After the water subsided, Dela Cruz helped her neighbors search for their missing relatives.

“I saw a lifeless child taken from the river, stuck in between a pole of a swamped house and driftwood. It broke my heart. And it dawned on me just how scary and deadly the flash flood was,” said the mother of three children aged 13, 8 and 3 years.

Along with her neighbors, Dela Cruz and the rest of her family failed to secure anything, including clothes and food, before the flood came.

Relief aid

Without slippers and still wearing her sleeping clothes, she waited at the village’s chapel on Thursday for relief assistance from the city government and various groups.

“We do not have anything, no food, no clothes, no house. But somehow, while it bleeds my heart, I have every reason to thank God because we are all safe. My children are still with me,” she said.

Luciana Arania, a resident of Matina Crossing since 1976, said the flash flood, above all, was a test of faith.

“It challenged us to rise above the crisis and to think of others. It felt as if it were the end of the world already and it tested our faith,” she said.

In the middle of the swirling waters, her brother-in-law nearly lost his grip, she said.

“He had thought of jumping into the water with his children. He had thought of giving up out of desperation and helplessness. But out of something, he held on until the water subsided,” Arania said.

A sense of tragedy

Jan Martinez, who moved to the village two years ago with his wife and two children, could have easily escaped the flood by driving away while the water was still rising.

But sensing tragedy, Martinez chose to first secure his children—by sending them aboard a flatbed truck before he went on to help some of their neighbors.

“We heard the children’s cries. ‘Help, help,’ they screamed. And so I and my wife helped them and secured them—brought them to a more secure house which the water tore apart later,” he said.

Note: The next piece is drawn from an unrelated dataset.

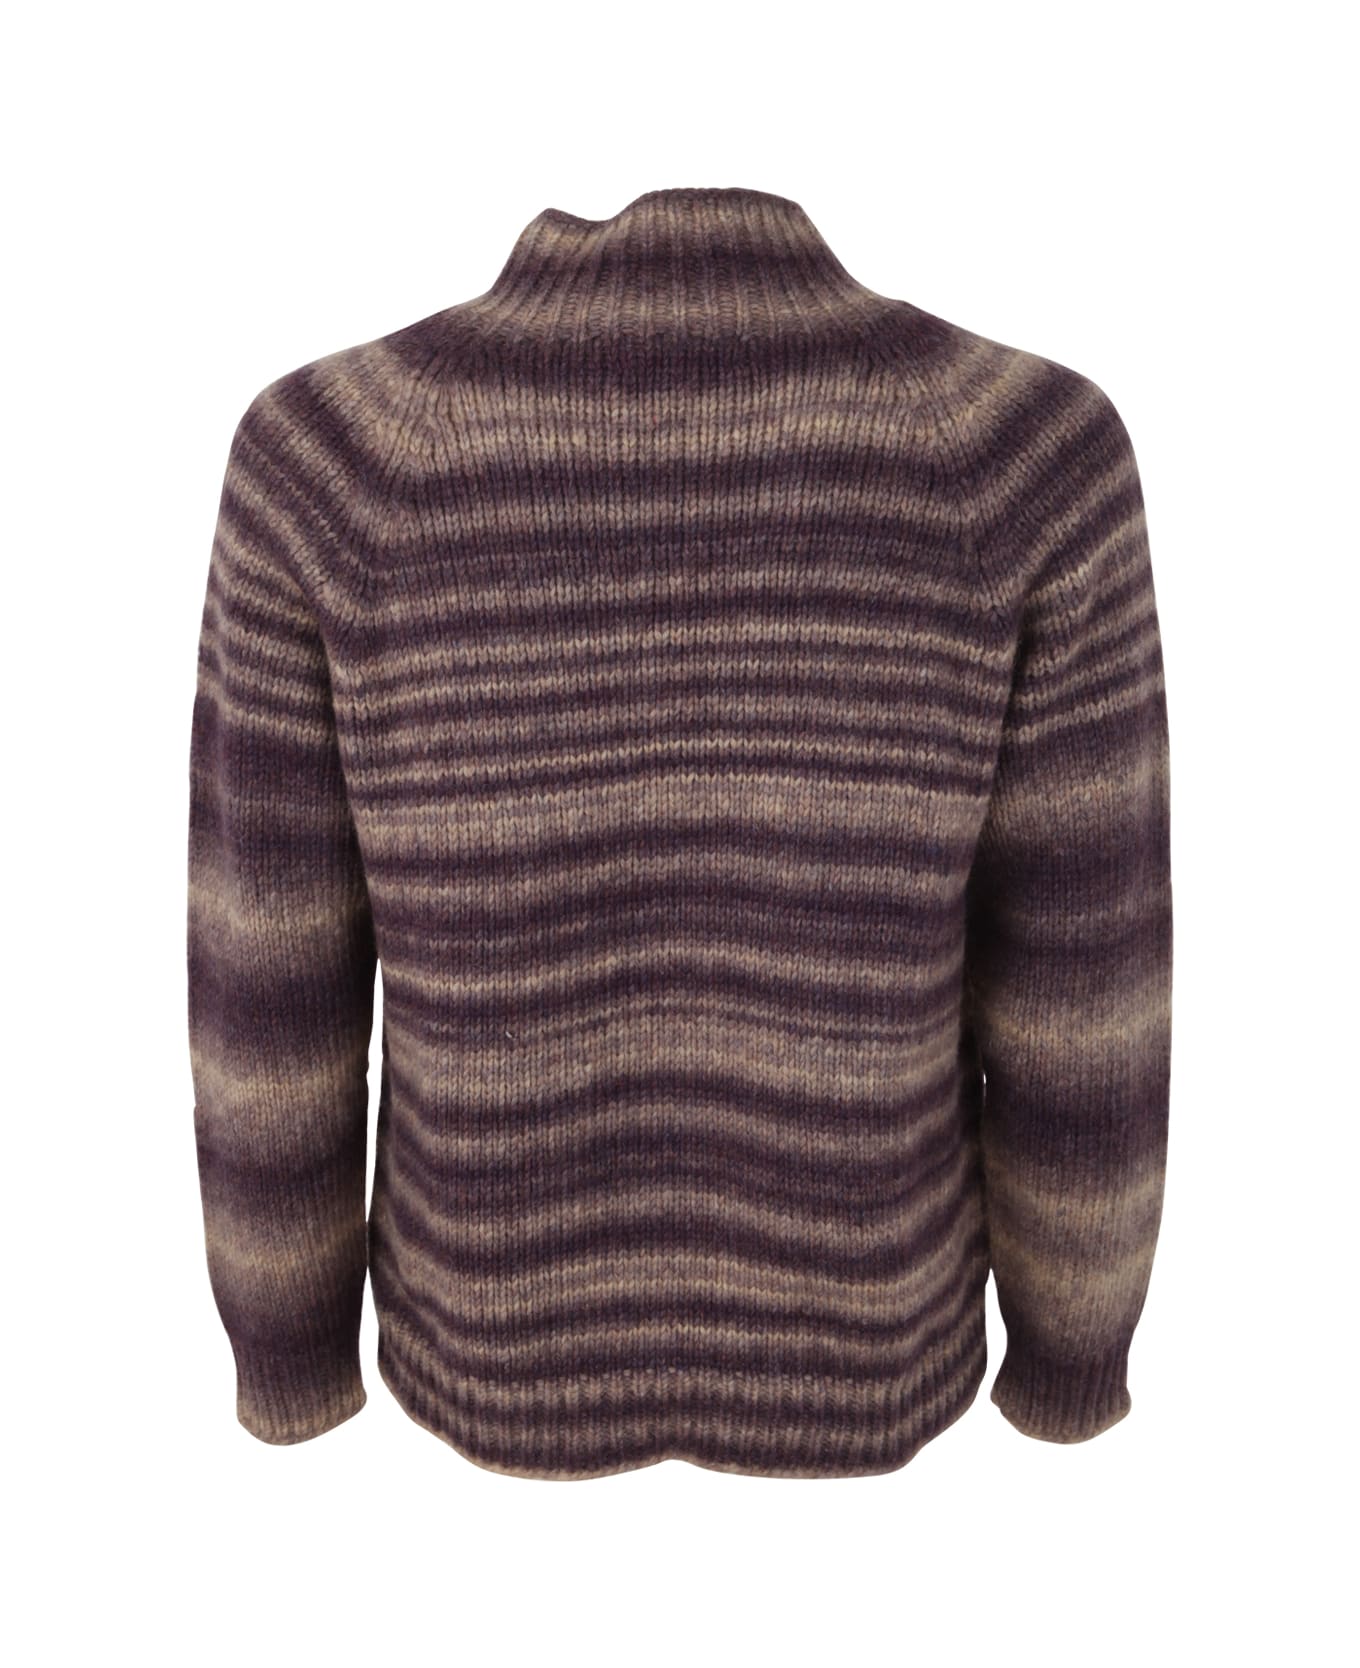 Lardini Man Knit Sweater - Be

“The children did not survive the flood,” he said.

He was referring to the Valderoza siblings—Rowena, 7; Catherine, 4; and Rogelio III, 2.

Survivors

For 67-year-old Rogelio Mascarinas, the flood could have been heaven’s way of telling people to “keep their faith stronger.”

“Maybe He was trying to grab our attention or maybe He was telling us something,” he said.

Mascarinas who, with his five grandchildren, stayed on the rooftop of his house, said those who survived have just been given a new lease on life.

For Maricris, the tragic loss of her children is something that must be accepted but surely will be difficult to forget.

“Maybe, this is the will of God,” she said.

And, maybe, it was also God that was in the mind of Melchin Soreño before she was swallowed by the flood, along with their shanty.

“She kissed our Bible and then she said, ‘Help us, Lord,’” recalled Chona, Melchin’s mother. Melchin was only 2 years old.